Contra ese instinto, de nada vale sostener la venda. Él no quiso ponérsela. A través de sus cuadros empecé a saber lo que de mío tienen los otros: el veterano mutilado que se arrastra por el suelo pidiendo limosna, la prostituta con el hijo enfermo, el niño atravesado de ausencias primerizas o el joven periodista despedido por decir la verdad. Tipos humanos nacidos del barro de una realidad esquizoide, en un tiempo profundo, al cabo hecho surcos, que devora el sueño de una humanidad mayúscula.

Su gesto serio, a veces triste, que ya no puedo imaginar afable, se alumbra con la mirada del que, pensamos en Nietzsche, lleva un campo de batalla dentro; un hombre tocado que hace lo que tiene que hacer, pintar, un hombre que tiene en sus manos las marcas de un tiempo preñado de naufragios, en cuyas obras espejea la enigmática belleza de lo que nunca brilla, de lo que fue amputado, de lo deforme, de un mundo todavía no infectado por la asepsia del olvido.

Finalmente, la historia de Otto Dix se mezcla con la historia de la literatura a medias, mi historia de la literatura a medias.
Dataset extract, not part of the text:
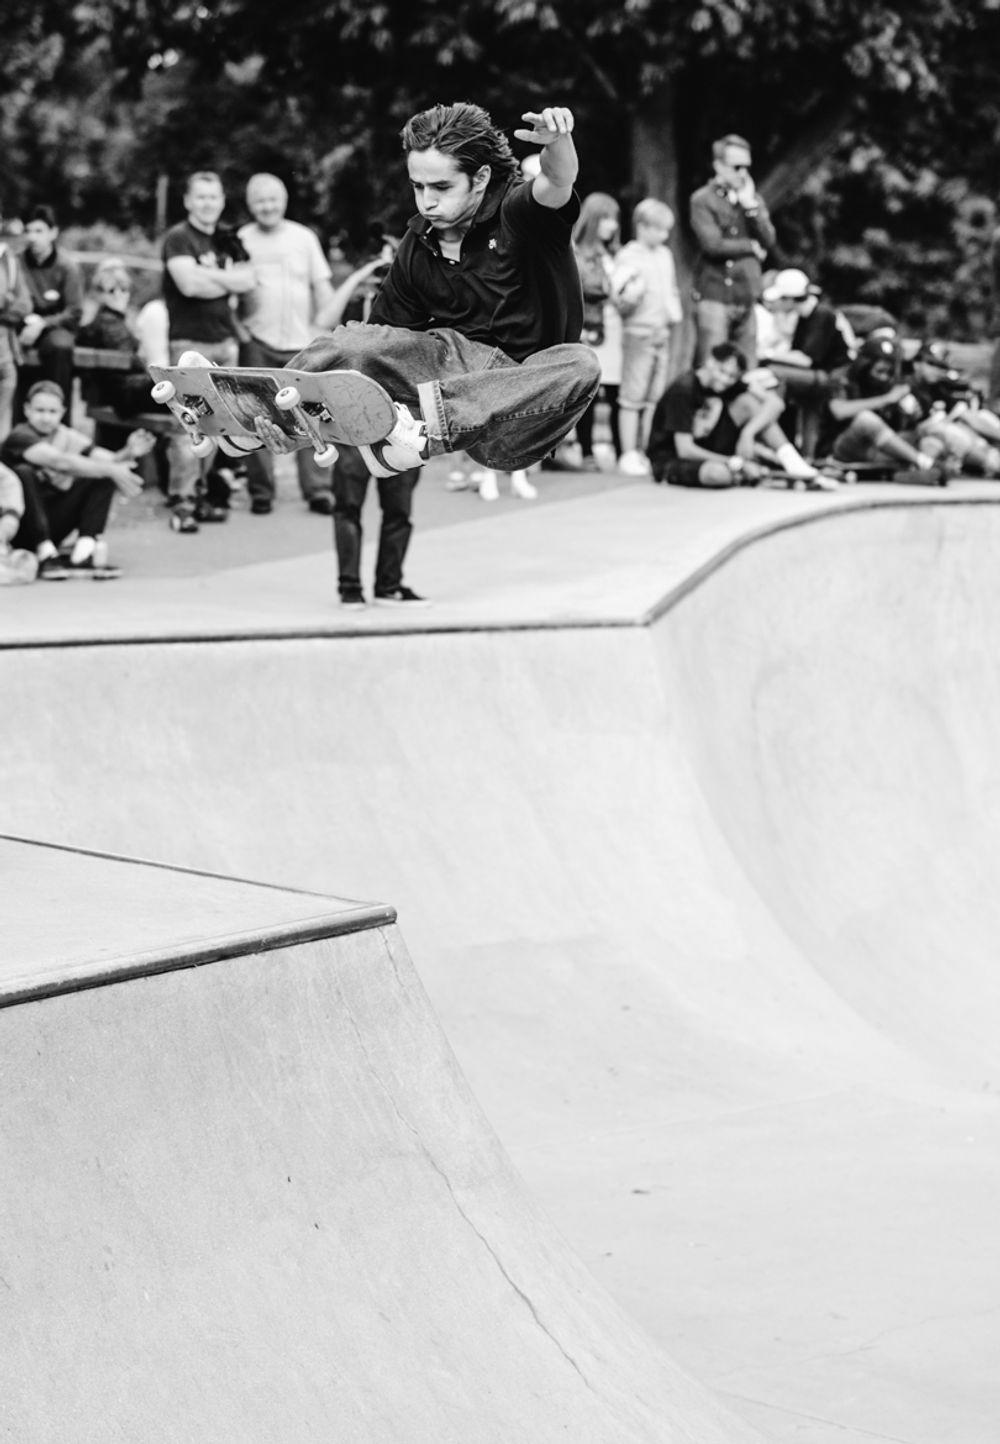 _IHC8089e-Donovon-Piscopo-Stalefish-Nike-SB-x-Slam-City-Skates-Go-Skateboarding-Day-London-June-2015-Photographer-Maksim-Kalanep
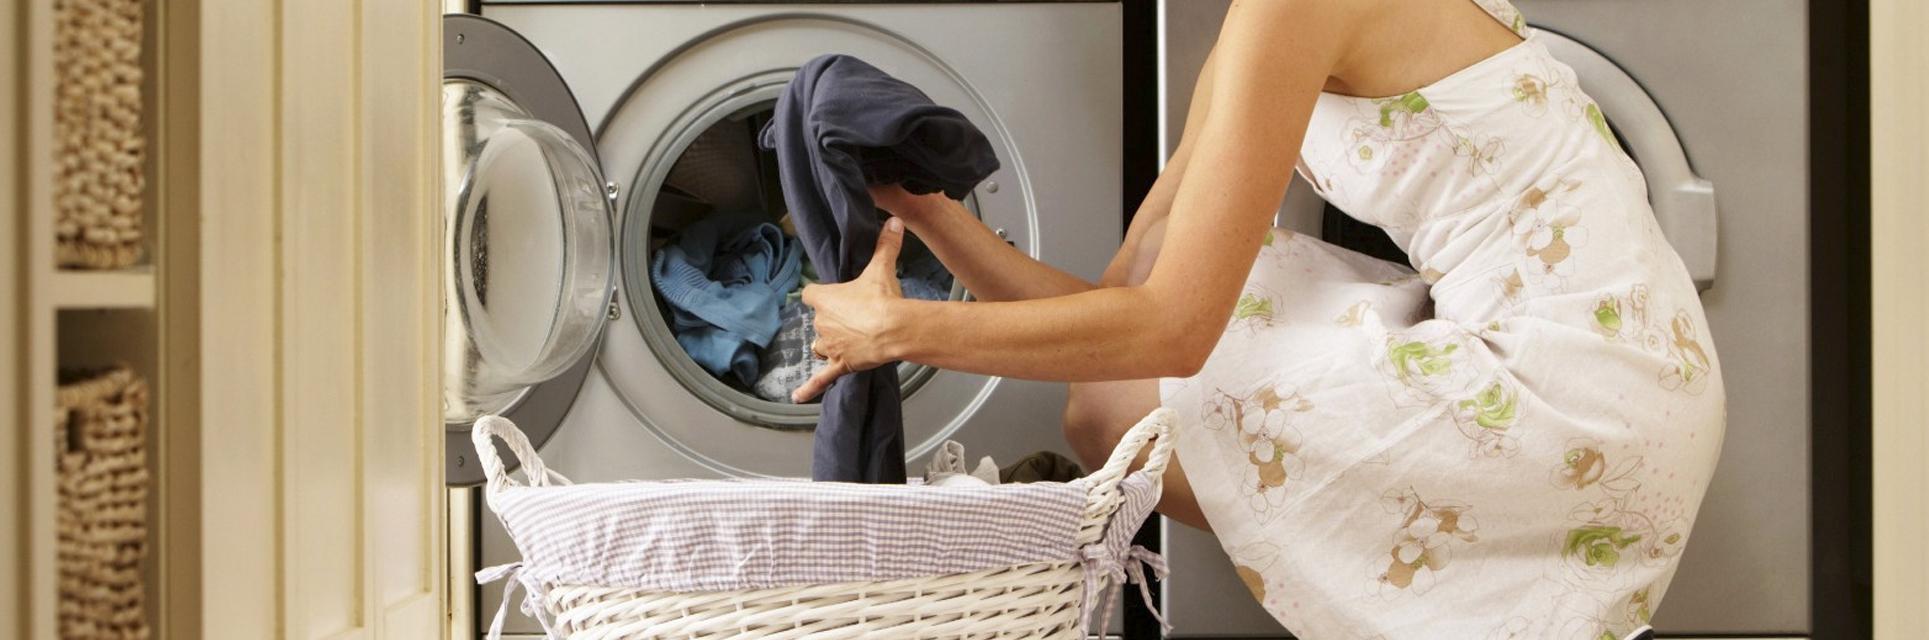 Servicio tecnico lavadoras junkers mundoclima for Servicio tecnico oficial junkers

Porque confieso que llevo varios años tomando notas para una novela que, ahora ya lo sé, no voy a escribir, cuya trama tiene que ver con los cuadros de la primera etapa del pintor alemán y en la que tiene mucho que ver mi propio acercamiento a la Alemania de entreguerras. Una historia inacabada, claro está, que sin embargo no está muerta y a la que vuelvo a cada tanto, como justamente ahora. Se la debo a la mirada de Otto Dix, el que quiso verlo todo y no cerró los ojos, del que aprendimos a mirar sin pensar las consecuencias.

Juan Cruz López (1979), es licenciado en Humanidades y en Antropología social y cultural. Trabaja en el archivo histórico de Jaén, es escritor y editor de Piedra Papel Libros.

 

 

 

  1. Todos los artistas mencionados, incluyendo Dix, participaron como voluntarios en la Primera Guerra Mundial. Franz Marc pereció en Braquis (Francia) en 1916.